• _WHAT THE TASK ASKS_:
Omit all pictures, then retype the data exactly as given.

• _DATA BELOW_:
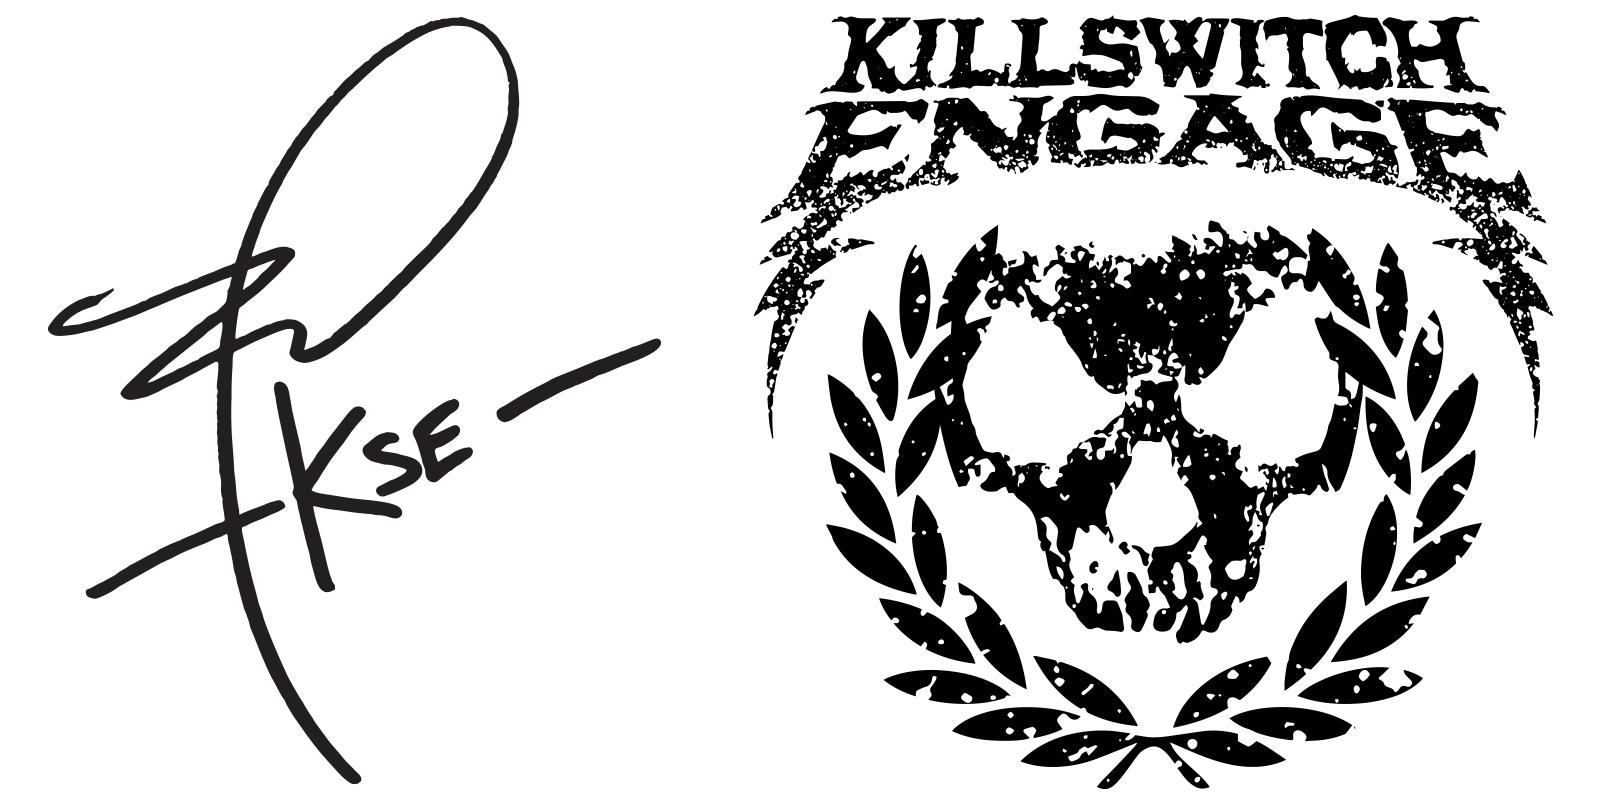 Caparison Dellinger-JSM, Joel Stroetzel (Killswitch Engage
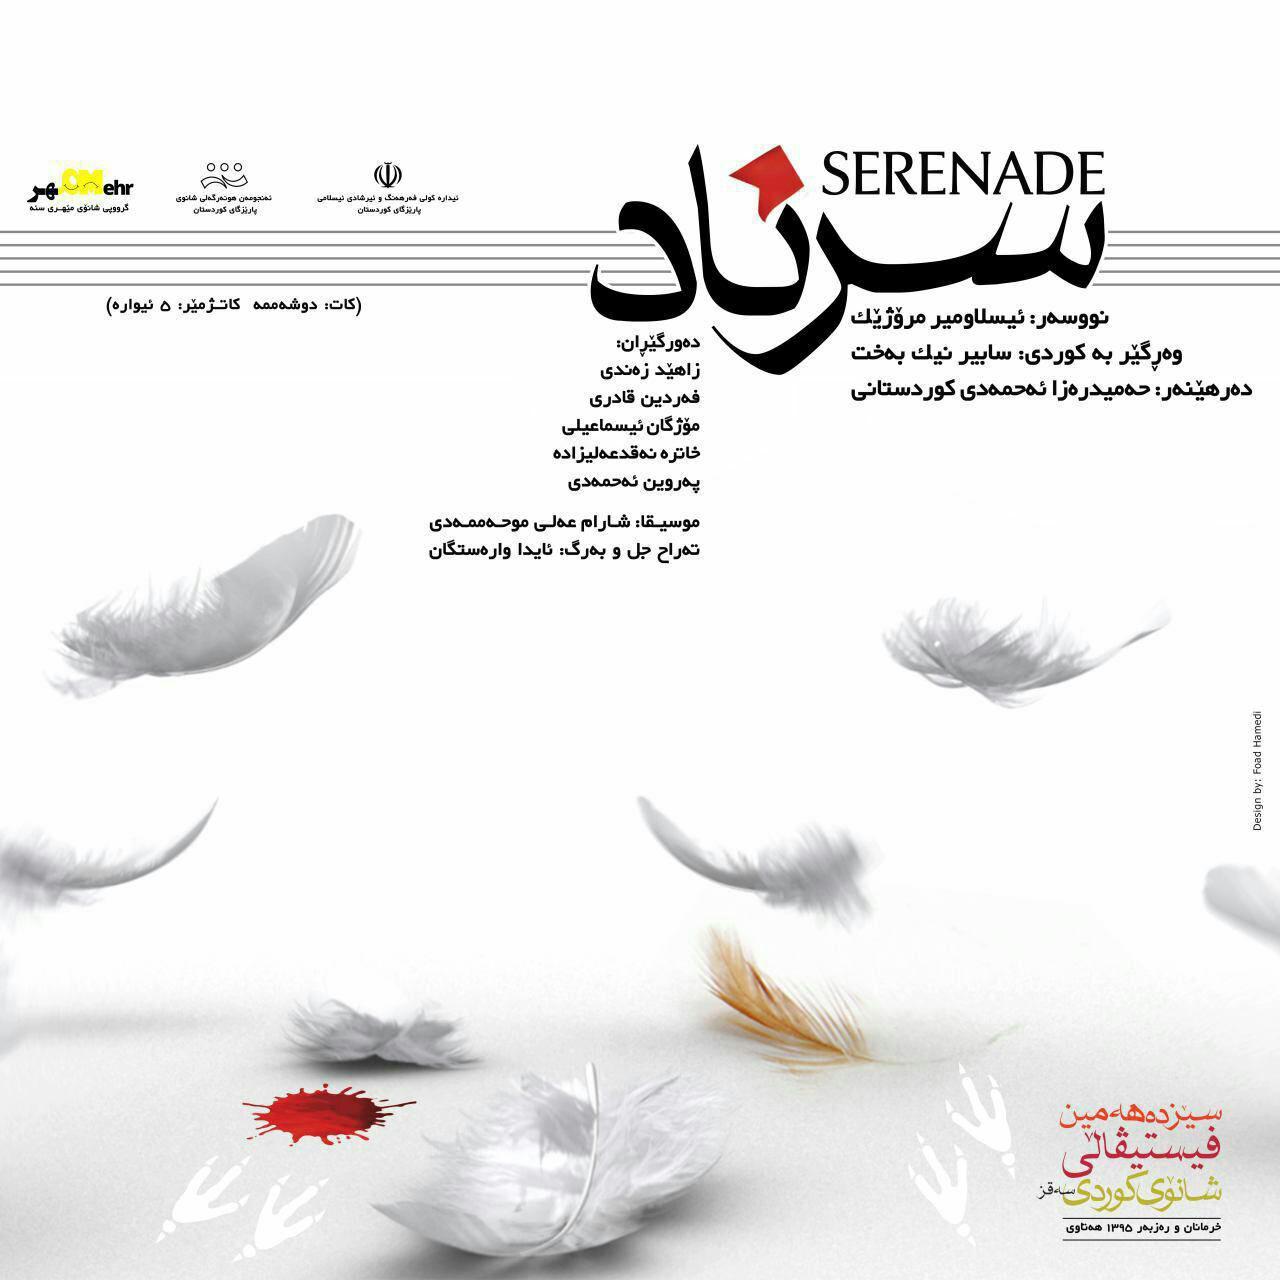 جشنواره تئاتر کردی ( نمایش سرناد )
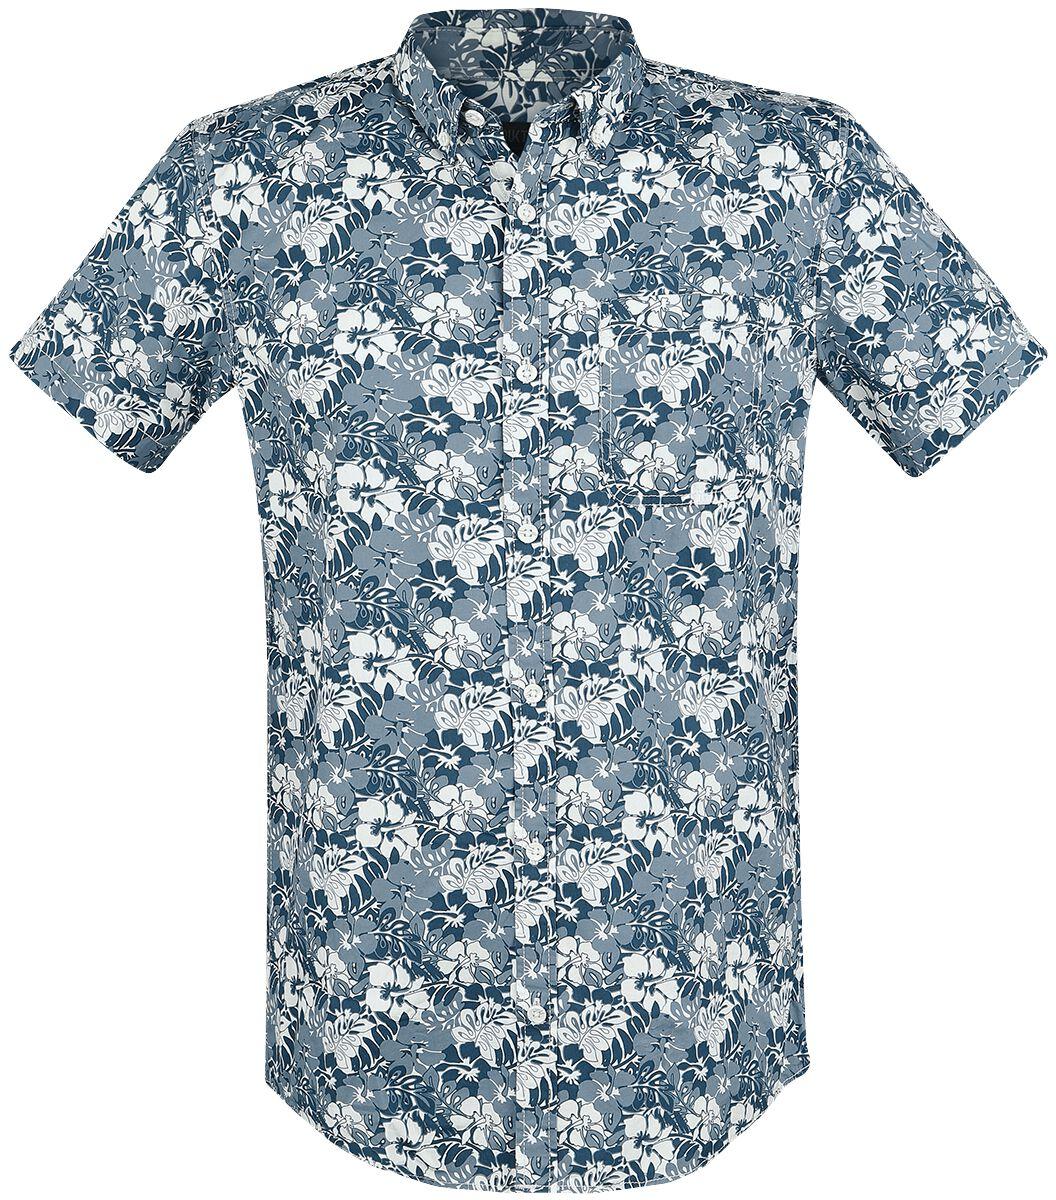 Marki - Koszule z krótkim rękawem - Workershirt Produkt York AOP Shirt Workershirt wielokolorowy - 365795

• _REPLY TO THE TASK_:
 Caparison Dellinger-JSM, Joel Stroetzel (Killswitch Engage
 جشنواره تئاتر کردی ( نمایش سرناد )
 Marki - Koszule z krótkim rękawem - Workershirt Produkt York AOP Shirt Workershirt wielokolorowy - 365795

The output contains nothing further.